Twitter Update: New Retweet Button

Retweet with Comment Punches Marketers in the Face

Twitter Update: New Retweet Button

Twitter has updated its Retweet button. Now you can add your own comment to a tweet. 116 characters allowed.

Adding a comment isn’t required though. If you don’t fill in the field “Add a comment,” the button works exactly like it did in the past.

Now let’s see what happens if you retweet and add a comment…

The first impression is that being able to tell your followers the reason why you like the article you retweet is good for the original tweeterer. That’s an advantage indeed.

However, once a tweet is retweeted with comments, you start seeing the disadvantages. First of all, let me reveal the minor one…

1. The Retweets Counter Doesn’t Register RT with Comments

Below you’ll find a tweet that has been retweeted without comments once and with comments twice.

The retweets counter didn’t register the retweets with comments.
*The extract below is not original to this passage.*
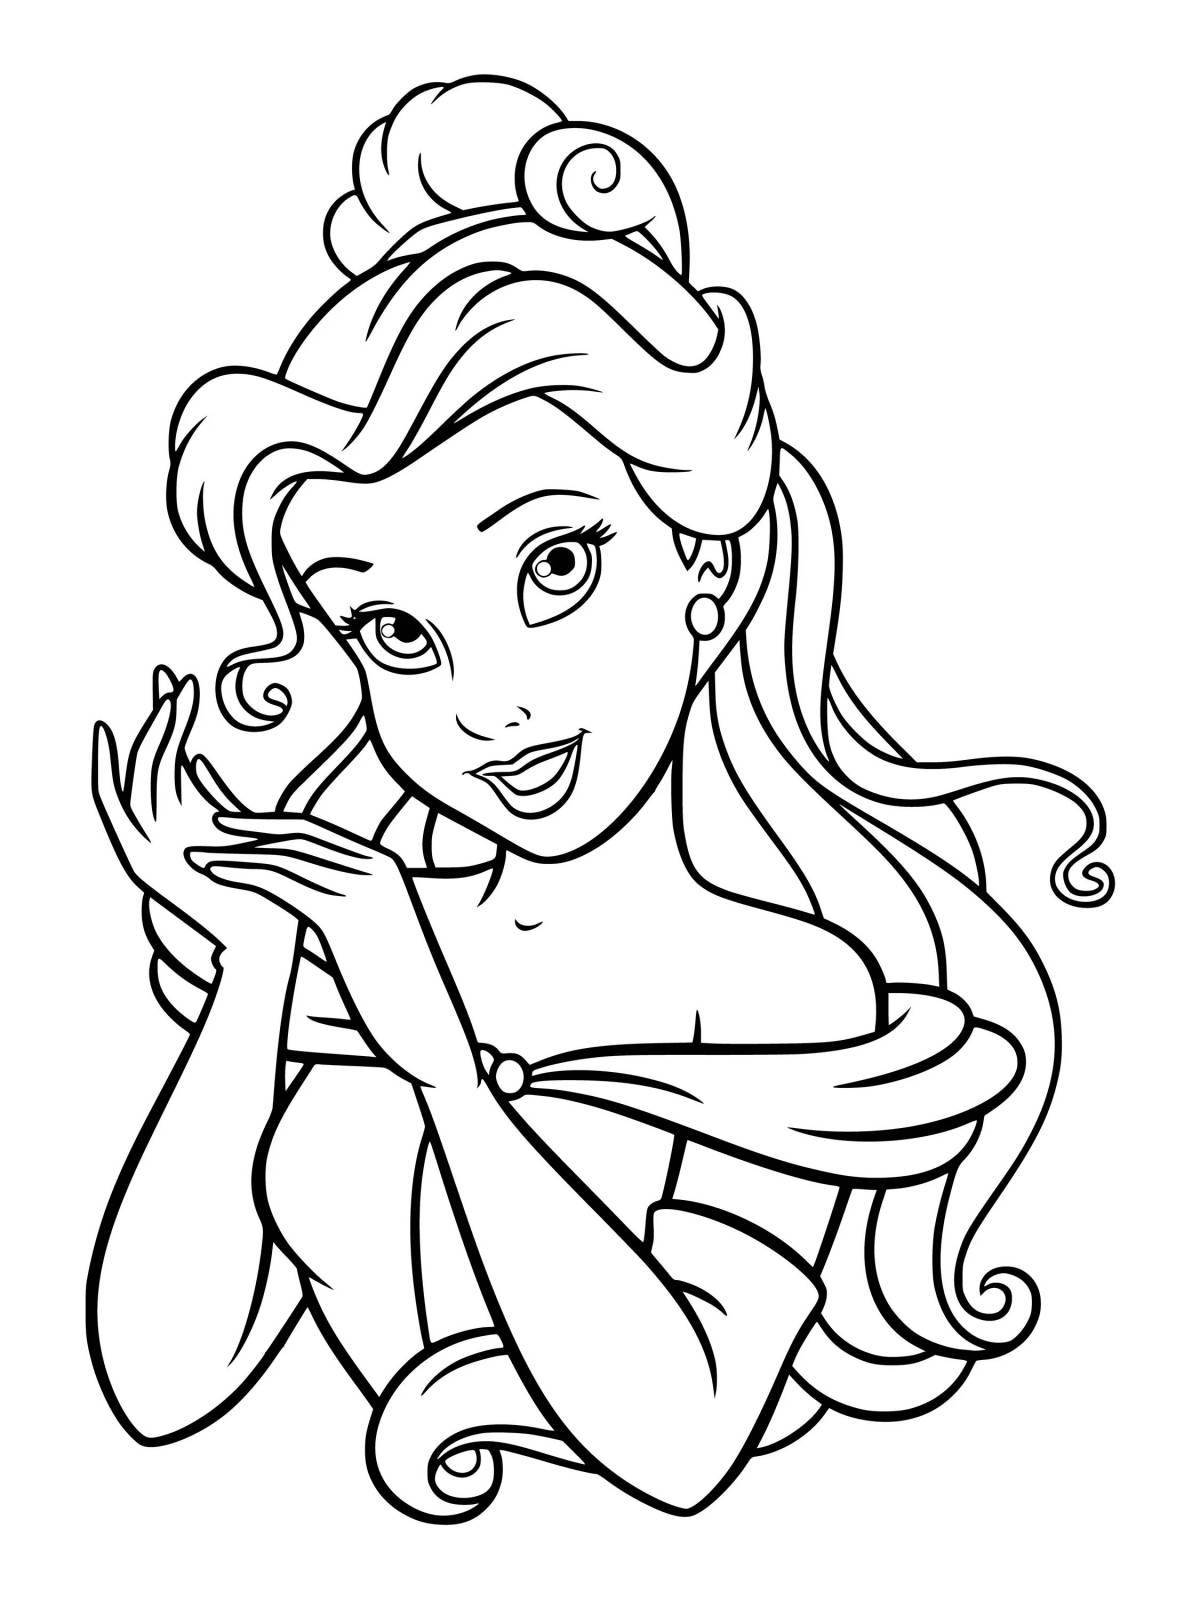 Majestic princess belle coloring page

It shows one retweet instead of three. (Update: Well, now it shows more retweets. In the meantime some friends altered the results of my test, so I had to add this update :))

2. The Images Included in the Tweets Lose Some of Their Power

Now here’s how such a retweet with comment looks like:

Example of retweet with comment on Twitter

The picture isn’t very important anymore. It’s smaller and consequently its text – if any – is barely visible. That’s bad. A good image was a big plus for a tweet.

In addition, the embedded version of a retweet with comment is pretty useless:

3. The Retweet with Comment of a RT with Comment is Useless

Now let’s see what happens if someone joins the “conversation” and retweets with comment a retweet with comment:

Example of retweet of a retweet with comment on Twitter

The followers of the last person who retweeted the original tweet can see the new comment, the previous comment and a link to the original tweet.

No image, no headline, nothing that can really attract engagement. The followers will not even understand what the original tweet is about. This simply sucks.

4. Conclusions – Is this Twitter Update Any Good?

The new Retweet button includes two very different features:

– If you don’t add comments, you’ve got the old Retweet button;

– If you add comments, you don’t actually have a Retweet button anymore. You’ve got a comment-tweet having attached to it the original tweet or a link to it. Not good for spreading the news. You may think that at least it’s good for conversations. Nope! The original account @AdrianJock got notified by Twitter after the first RT from the account @IMTipsNews, but didn’t get any notification regarding the second RT from the account @JokesJournal.

Going viral on Twitter? It’s harder. The first retweet with comment is not a disaster, but the subsequent retweet with comment is. Few chances to get one more retweet.

The previous Retweet button was a bad choice for marketers. The new one is even worse.

How to cope with this Twitter update? Hope that not so many followers add their comments to your tweets. Or hope for a further update… Or even better…

Take action: educate your followers. Share this article right now!

To Your Twitter Success!
Adrian Jock

P.S. Your turn… What do you think of the new “Retweet with Comment”?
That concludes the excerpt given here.